Use of Surgical Approach Is Not Associated With Instability After Primary Total Hip Arthroplasty

A Meta-Analysis Comparing Direct Anterior and Posterolateral Approaches

Elina Huerfano, MD; Maria Bautista, MD, MSc; Manuel Huerfano, MD, MSc; Juan M. Nossa, MD

Disclosures

J Am Acad Orthop Surg. 2021;29(22):e1126-e1140. 

In This Article

Abstract and Introduction

Abstract

Introduction: Posterolateral approach (PA) has been historically associated with an increased risk of dislocation after primary total hip arthroplasty (THA), especially when compared with the direct anterior approach (DAA). However, current evidence is inconsistent regarding the risk of dislocation with either approach. The purpose of this study is to determine whether surgical approach influences joint stability.

Methods: A systematic search in PubMed, MEDLINE, and Embase databases was performed. Randomized controlled trials (RCTs) and non-RCTs comparing DAA with PA in primary THA were included. Pooled effect measure of risk differences, relative risk and mean differences for postoperative dislocation, acetabular implant positioning, and leg length discrepancy were calculated.
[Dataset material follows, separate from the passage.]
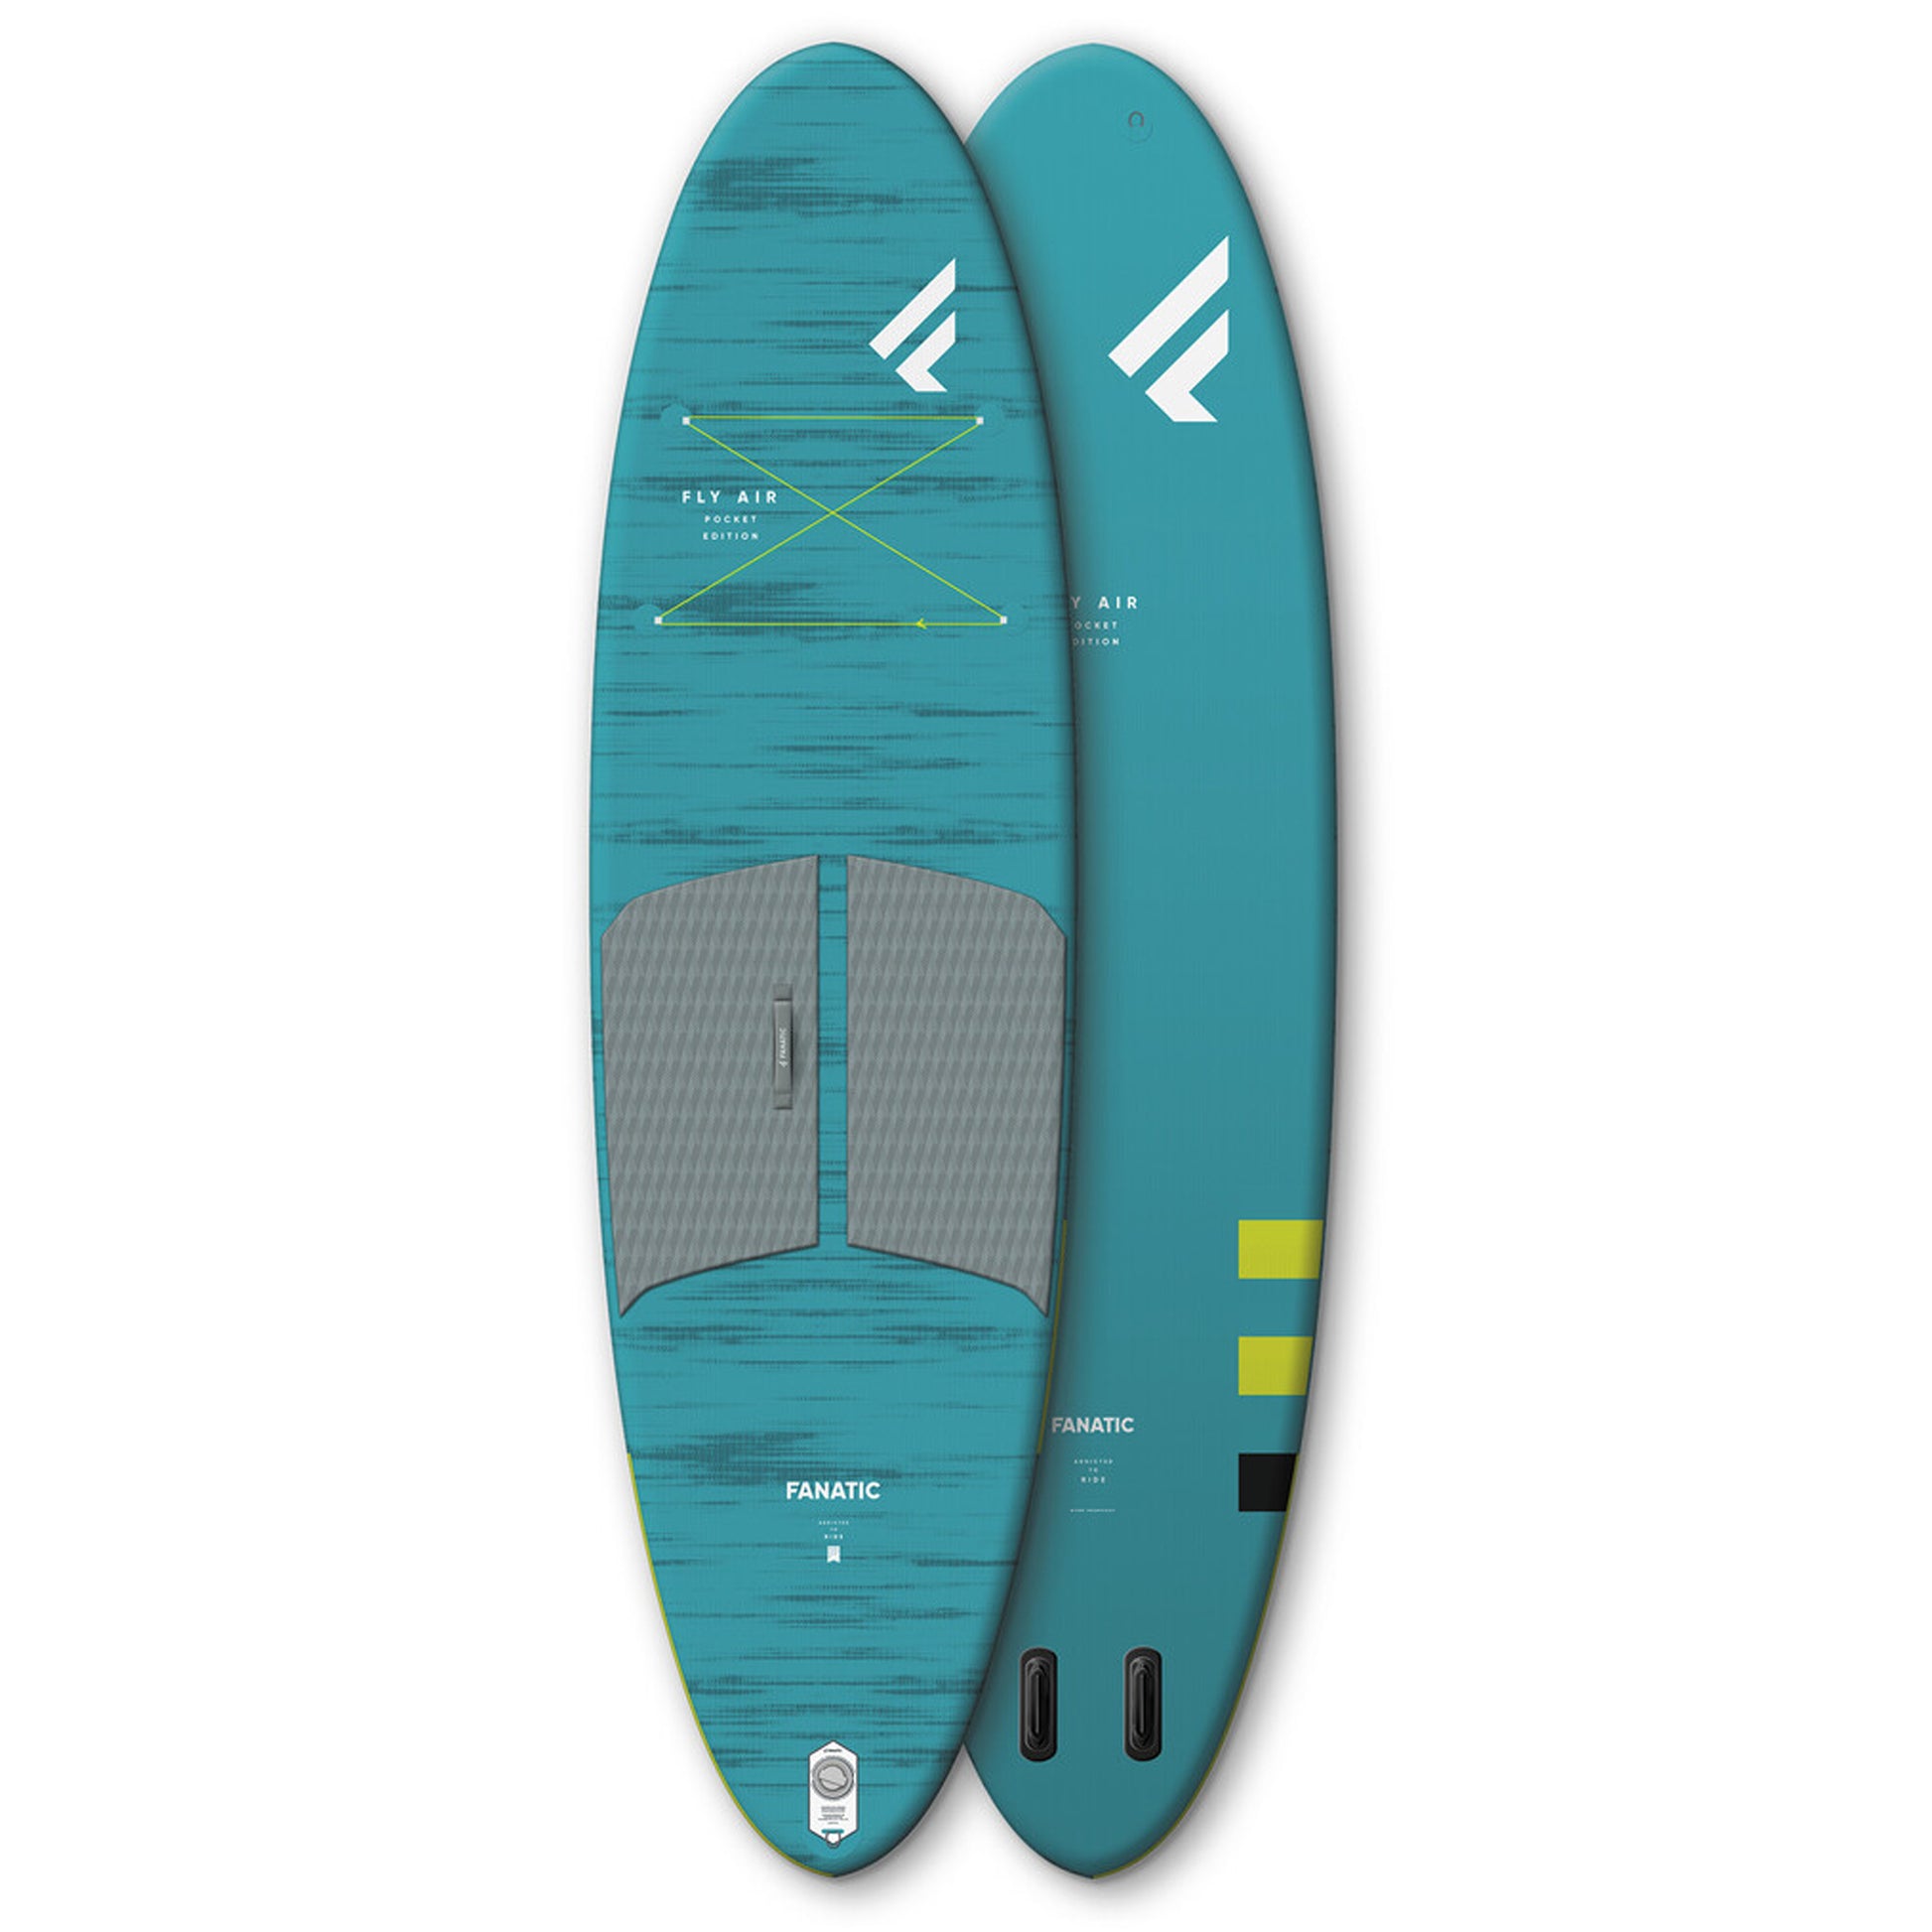 Fanatic iSUP Fly Air Pocket – SUP Inflatable Board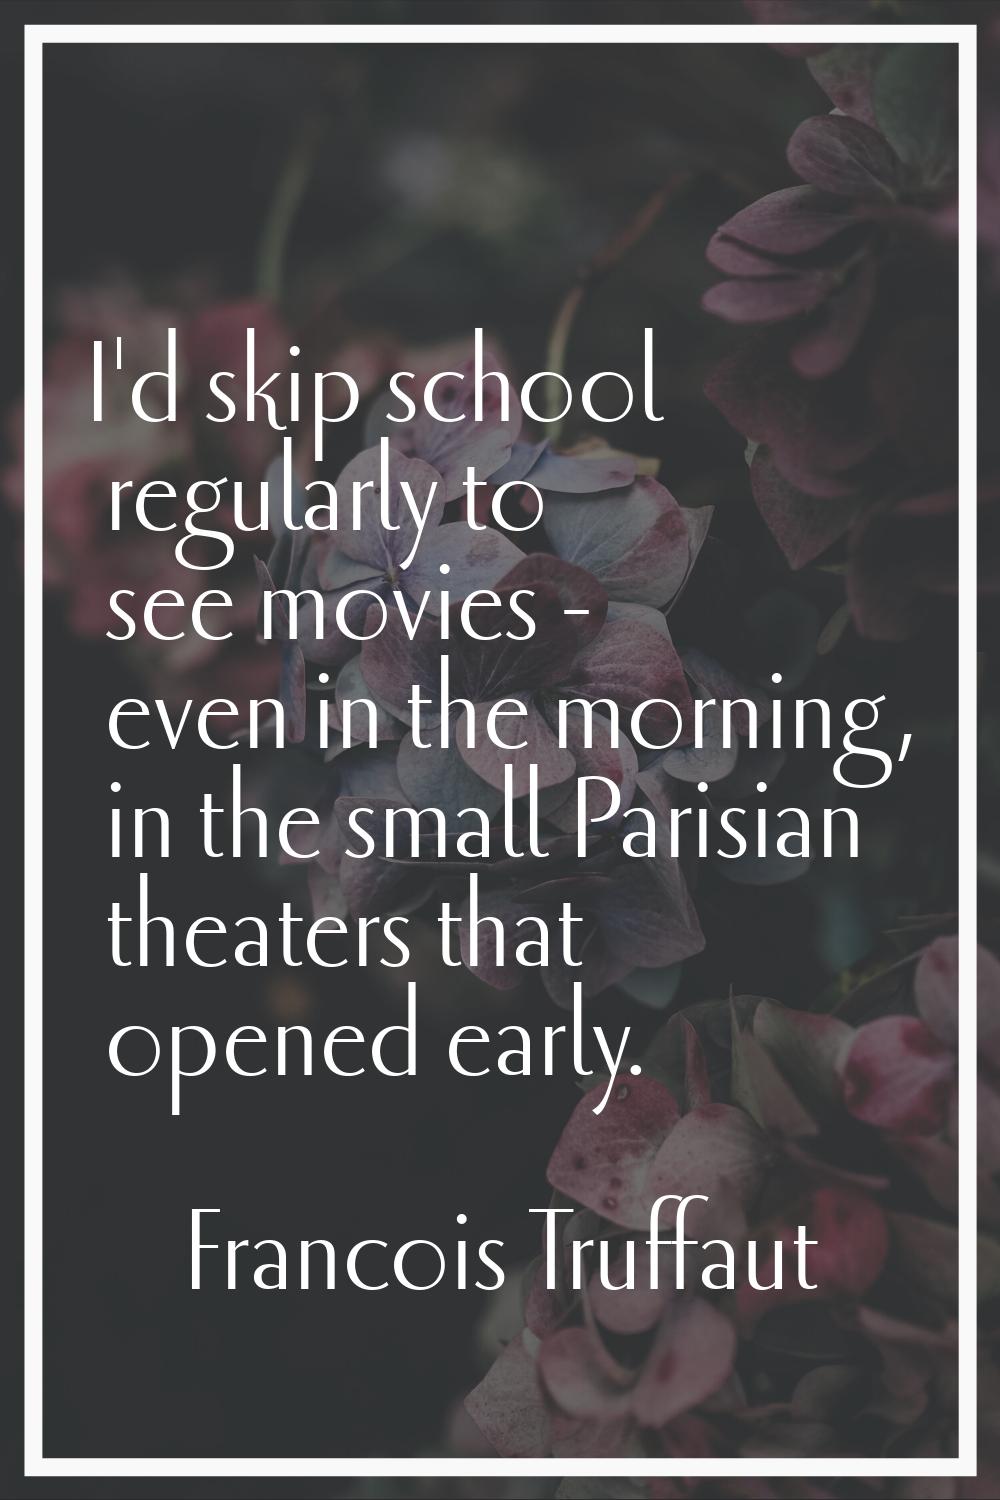 I'd skip school regularly to see movies - even in the morning, in the small Parisian theaters that

Results: Twenty-five studies (5 RCTs and 20 non-RCTs) of 7,172 THAs were assessed. There were no significant differences in dislocation rates between approaches (risk difference = −0.00, 95% confidence interval: −0.01 to 0.00; P = 0.92; I2 = 0%). Results were similar in the subgroup analysis of RCTs (P = 0.98), posterior soft-tissue repair (P = 0.50), and learning curve (P = 0.77). The acetabular implant was better positioned within the safe zone in the DAA group (relative risk = 1.17; 95% confidence interval: 1.03 to 1.33; P = 0.01), but no significant differences were found in cup inclination (P = 0.8), anteversion (P = 0.10), and leg length discrepancy (P = 0.54).

Conclusion: Dislocation rates after THA are not different between DAA and PA. Furthermore, no differences in the rate of dislocation were associated with cup positioning or surgical factors related with hip instability. Therefore, the surgical approach has little influence in prosthesis instability after primary THA.

Level of Evidence: Level III

Introduction

Prosthetic instability is the main indication of hip revision surgery in the United States[1] and is associated with poor patient-reported outcomes; therefore, prevention of this complication is one of the main hip arthroplasty goals. Both patient and surgical factors associated with hip instability must be considered to reduce the frequency of prosthetic hip dislocations.[2]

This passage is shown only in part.